──────── Exercise input ────────

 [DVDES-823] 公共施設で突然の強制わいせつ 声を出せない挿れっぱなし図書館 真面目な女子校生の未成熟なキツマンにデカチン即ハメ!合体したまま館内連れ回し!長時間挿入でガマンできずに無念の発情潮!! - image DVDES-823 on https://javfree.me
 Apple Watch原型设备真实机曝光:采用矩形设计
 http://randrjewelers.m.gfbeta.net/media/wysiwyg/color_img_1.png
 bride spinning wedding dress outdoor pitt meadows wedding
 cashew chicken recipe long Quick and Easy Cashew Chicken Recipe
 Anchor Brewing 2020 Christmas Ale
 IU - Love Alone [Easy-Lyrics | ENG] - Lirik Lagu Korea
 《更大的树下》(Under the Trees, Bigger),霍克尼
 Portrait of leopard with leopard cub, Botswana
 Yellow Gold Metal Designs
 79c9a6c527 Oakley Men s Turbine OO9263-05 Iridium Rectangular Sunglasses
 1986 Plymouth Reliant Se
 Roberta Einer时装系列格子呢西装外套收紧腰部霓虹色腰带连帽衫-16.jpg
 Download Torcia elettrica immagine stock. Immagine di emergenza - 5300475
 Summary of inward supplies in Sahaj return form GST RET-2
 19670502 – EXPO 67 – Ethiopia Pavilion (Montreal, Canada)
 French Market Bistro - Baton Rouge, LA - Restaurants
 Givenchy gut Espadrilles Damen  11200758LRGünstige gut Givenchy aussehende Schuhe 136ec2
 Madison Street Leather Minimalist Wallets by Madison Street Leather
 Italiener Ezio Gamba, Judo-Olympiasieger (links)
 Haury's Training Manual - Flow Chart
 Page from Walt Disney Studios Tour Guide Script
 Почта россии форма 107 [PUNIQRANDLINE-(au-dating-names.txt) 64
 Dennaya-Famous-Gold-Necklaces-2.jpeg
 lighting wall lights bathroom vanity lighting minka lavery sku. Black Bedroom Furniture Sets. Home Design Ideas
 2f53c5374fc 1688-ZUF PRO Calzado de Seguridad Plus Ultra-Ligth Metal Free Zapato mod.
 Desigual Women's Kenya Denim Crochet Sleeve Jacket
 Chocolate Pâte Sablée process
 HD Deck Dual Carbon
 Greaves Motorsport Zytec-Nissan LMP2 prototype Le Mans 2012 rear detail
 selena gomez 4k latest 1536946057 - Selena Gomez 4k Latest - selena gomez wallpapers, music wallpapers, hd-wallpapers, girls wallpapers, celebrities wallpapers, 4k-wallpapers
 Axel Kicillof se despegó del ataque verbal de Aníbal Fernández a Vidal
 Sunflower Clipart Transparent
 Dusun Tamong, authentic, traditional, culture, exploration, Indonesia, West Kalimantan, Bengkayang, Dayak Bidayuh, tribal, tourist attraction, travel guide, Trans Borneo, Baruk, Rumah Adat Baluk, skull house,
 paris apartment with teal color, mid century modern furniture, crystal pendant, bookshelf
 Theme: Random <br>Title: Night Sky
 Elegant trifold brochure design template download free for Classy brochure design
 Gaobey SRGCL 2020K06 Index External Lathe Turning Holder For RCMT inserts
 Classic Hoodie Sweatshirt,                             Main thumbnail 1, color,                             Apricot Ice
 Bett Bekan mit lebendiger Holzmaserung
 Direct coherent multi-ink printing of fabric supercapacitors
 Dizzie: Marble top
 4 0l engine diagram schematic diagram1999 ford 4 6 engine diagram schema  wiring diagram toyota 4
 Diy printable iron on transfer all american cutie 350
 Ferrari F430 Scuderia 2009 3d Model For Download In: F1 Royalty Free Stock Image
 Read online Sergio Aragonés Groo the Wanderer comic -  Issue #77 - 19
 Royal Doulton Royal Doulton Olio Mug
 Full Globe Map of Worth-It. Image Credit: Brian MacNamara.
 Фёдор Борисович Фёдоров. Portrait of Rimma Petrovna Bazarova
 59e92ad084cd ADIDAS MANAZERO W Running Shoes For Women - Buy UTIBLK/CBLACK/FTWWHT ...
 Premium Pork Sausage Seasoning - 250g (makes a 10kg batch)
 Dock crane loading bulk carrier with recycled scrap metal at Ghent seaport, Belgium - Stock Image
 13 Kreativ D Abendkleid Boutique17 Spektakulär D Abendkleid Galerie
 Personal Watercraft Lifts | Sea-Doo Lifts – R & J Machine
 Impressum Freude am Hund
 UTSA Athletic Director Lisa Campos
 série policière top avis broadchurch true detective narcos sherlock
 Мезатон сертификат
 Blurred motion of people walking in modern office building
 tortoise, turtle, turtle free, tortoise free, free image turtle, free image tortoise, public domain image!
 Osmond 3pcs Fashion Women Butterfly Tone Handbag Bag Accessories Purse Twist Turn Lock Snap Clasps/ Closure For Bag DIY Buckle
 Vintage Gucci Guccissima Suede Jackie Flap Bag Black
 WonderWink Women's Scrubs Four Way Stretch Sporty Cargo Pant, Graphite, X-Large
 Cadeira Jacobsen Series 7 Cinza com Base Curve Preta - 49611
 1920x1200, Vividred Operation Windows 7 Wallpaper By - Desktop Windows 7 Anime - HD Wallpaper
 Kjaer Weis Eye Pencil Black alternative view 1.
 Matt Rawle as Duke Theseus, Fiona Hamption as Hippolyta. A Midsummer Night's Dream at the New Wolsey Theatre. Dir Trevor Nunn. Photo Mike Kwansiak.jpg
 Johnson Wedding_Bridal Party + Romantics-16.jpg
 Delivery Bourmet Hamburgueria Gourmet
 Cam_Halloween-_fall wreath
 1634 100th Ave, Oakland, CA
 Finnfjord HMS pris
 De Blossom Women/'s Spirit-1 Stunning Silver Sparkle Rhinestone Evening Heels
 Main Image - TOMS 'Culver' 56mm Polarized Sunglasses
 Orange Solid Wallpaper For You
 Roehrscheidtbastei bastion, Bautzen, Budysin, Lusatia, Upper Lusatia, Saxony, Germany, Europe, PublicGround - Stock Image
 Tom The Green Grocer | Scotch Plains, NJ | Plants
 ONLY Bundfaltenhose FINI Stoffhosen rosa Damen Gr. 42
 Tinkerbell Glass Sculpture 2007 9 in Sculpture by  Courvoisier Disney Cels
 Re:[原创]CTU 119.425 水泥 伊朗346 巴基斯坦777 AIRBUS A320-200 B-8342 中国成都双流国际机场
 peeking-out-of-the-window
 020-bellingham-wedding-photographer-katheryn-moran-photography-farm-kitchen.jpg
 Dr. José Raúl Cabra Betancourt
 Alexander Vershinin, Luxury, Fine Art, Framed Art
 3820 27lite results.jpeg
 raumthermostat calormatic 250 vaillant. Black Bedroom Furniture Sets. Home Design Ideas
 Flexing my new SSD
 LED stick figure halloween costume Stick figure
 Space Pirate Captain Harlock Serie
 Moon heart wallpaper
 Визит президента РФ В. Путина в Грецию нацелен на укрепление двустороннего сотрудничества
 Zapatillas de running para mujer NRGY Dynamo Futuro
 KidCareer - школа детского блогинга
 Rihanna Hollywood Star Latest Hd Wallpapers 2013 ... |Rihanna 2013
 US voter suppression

────────

Give again, word for word, every line of the listing above from the one with "Italiener Ezio Gamba, Judo-Olympiasieger" to the one with "Dennaya-Famous-Gold-Necklaces-2.jpeg", both inclusive, and nothing beyond them.

» **Expected answer**
 Italiener Ezio Gamba, Judo-Olympiasieger (links)
 Haury's Training Manual - Flow Chart
 Page from Walt Disney Studios Tour Guide Script
 Почта россии форма 107 [PUNIQRANDLINE-(au-dating-names.txt) 64
 Dennaya-Famous-Gold-Necklaces-2.jpeg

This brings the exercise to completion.